**Exercise brief**
The goal is a clean copy of all the data below, with pictures dropped and everything else retyped exactly.
═════ Data ═════
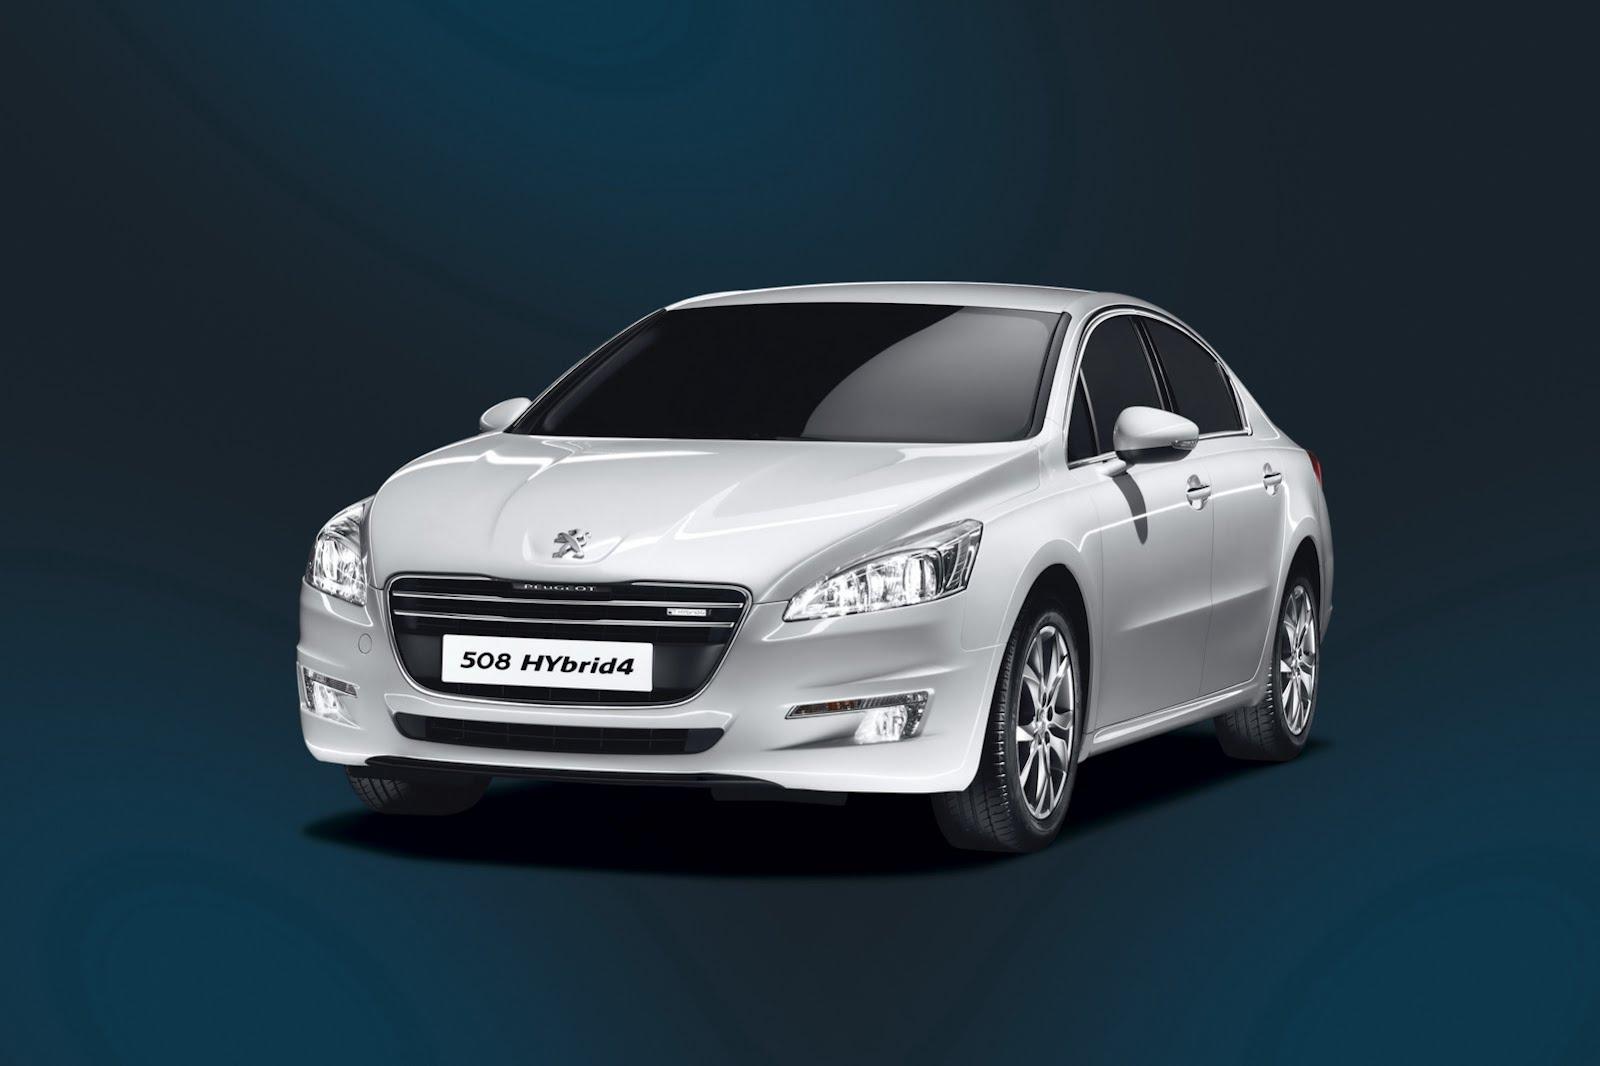 http://2.bp.blogspot.com/-z4wxvR43Pv4/T-OaBK8SceI/AAAAAAAAB6E/dtGNDz9f454/s1600/Peugeot-508-Hybrid4-01B.jpg
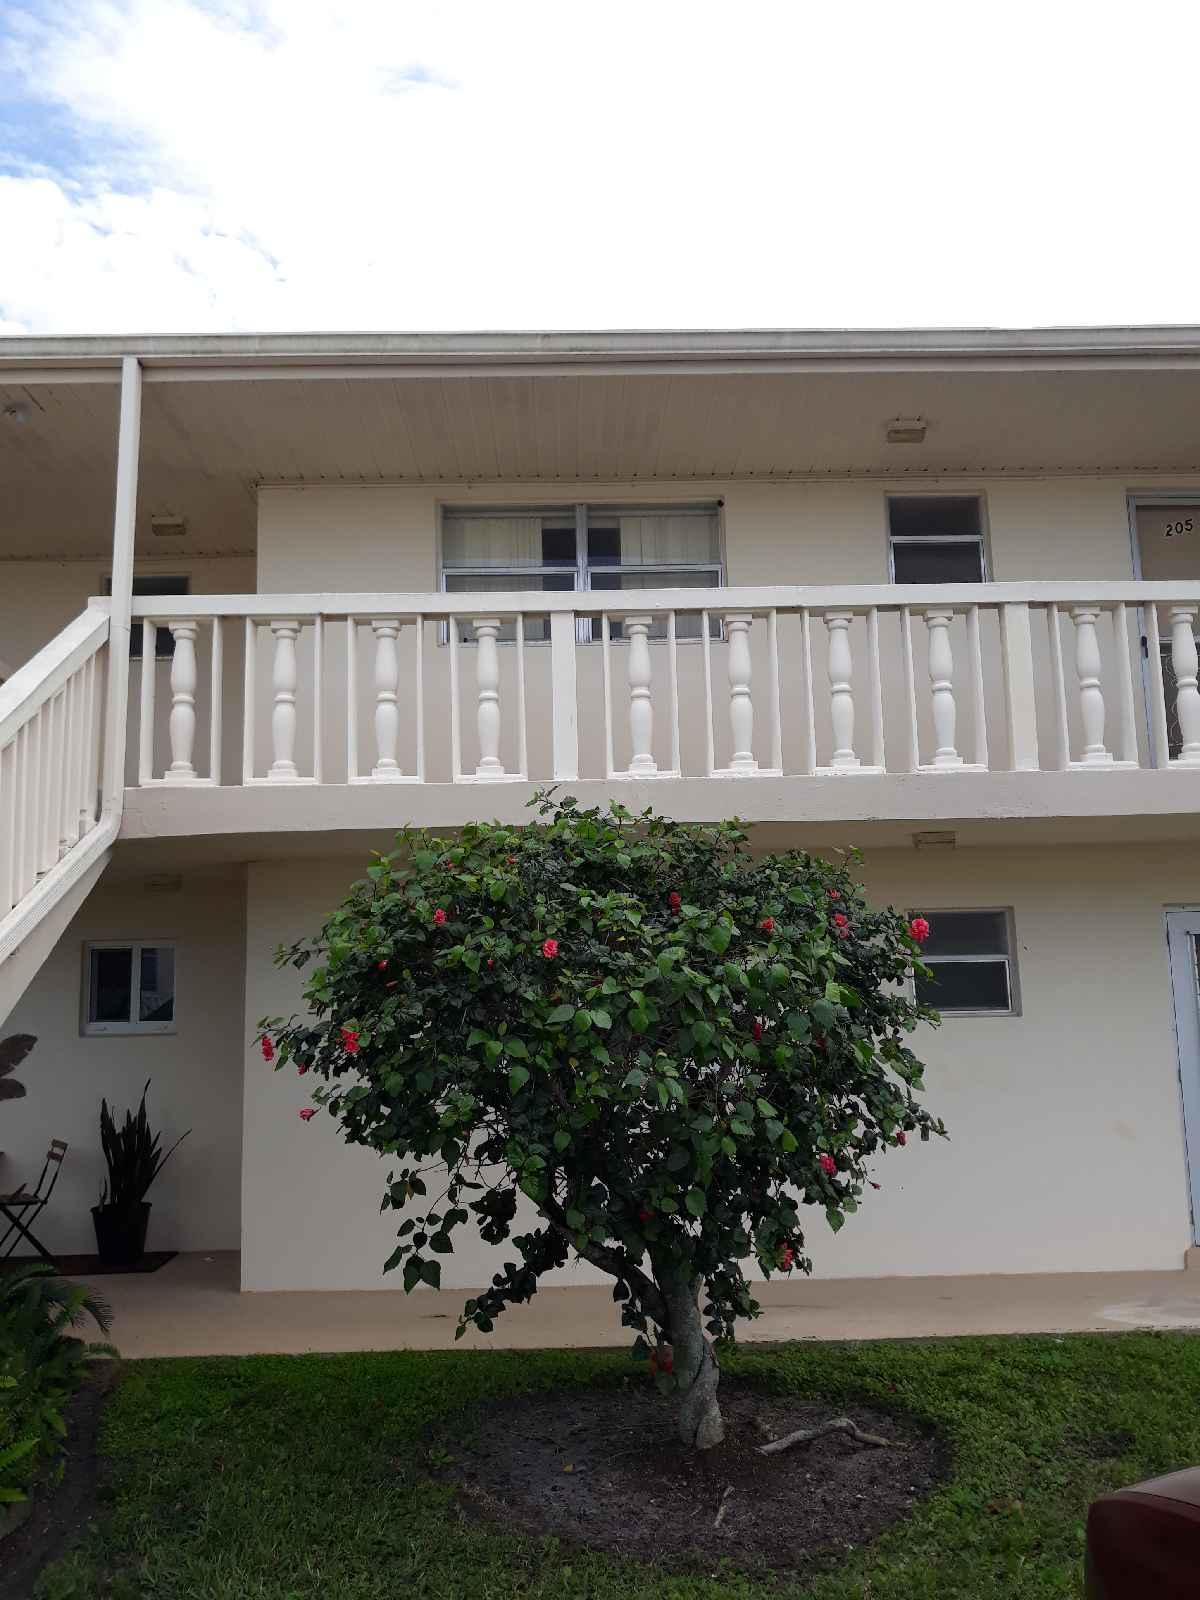 2121 1st Court, Boynton Beach, Florida 33435, 2 Bedrooms Bedrooms, ,2 BathroomsBathrooms,Condo/Coop,For Rent,1st,2,RX-10509467
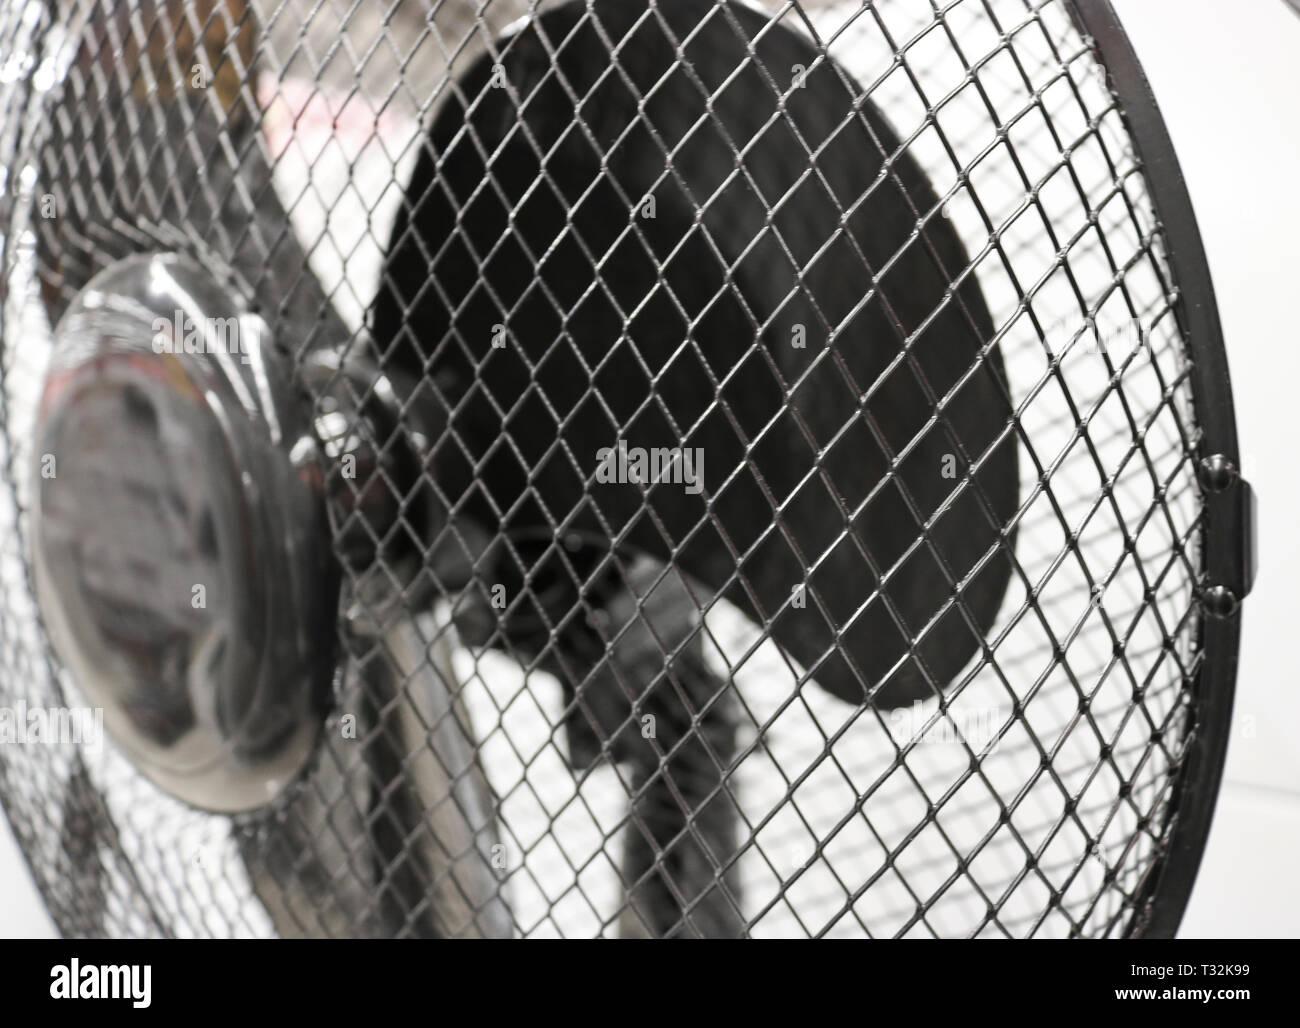 Schutzgitter für Lüfter close-up Stockbild
═════
**Written response**
 http://2.bp.blogspot.com/-z4wxvR43Pv4/T-OaBK8SceI/AAAAAAAAB6E/dtGNDz9f454/s1600/Peugeot-508-Hybrid4-01B.jpg
 2121 1st Court, Boynton Beach, Florida 33435, 2 Bedrooms Bedrooms, ,2 BathroomsBathrooms,Condo/Coop,For Rent,1st,2,RX-10509467
 Schutzgitter für Lüfter close-up Stockbild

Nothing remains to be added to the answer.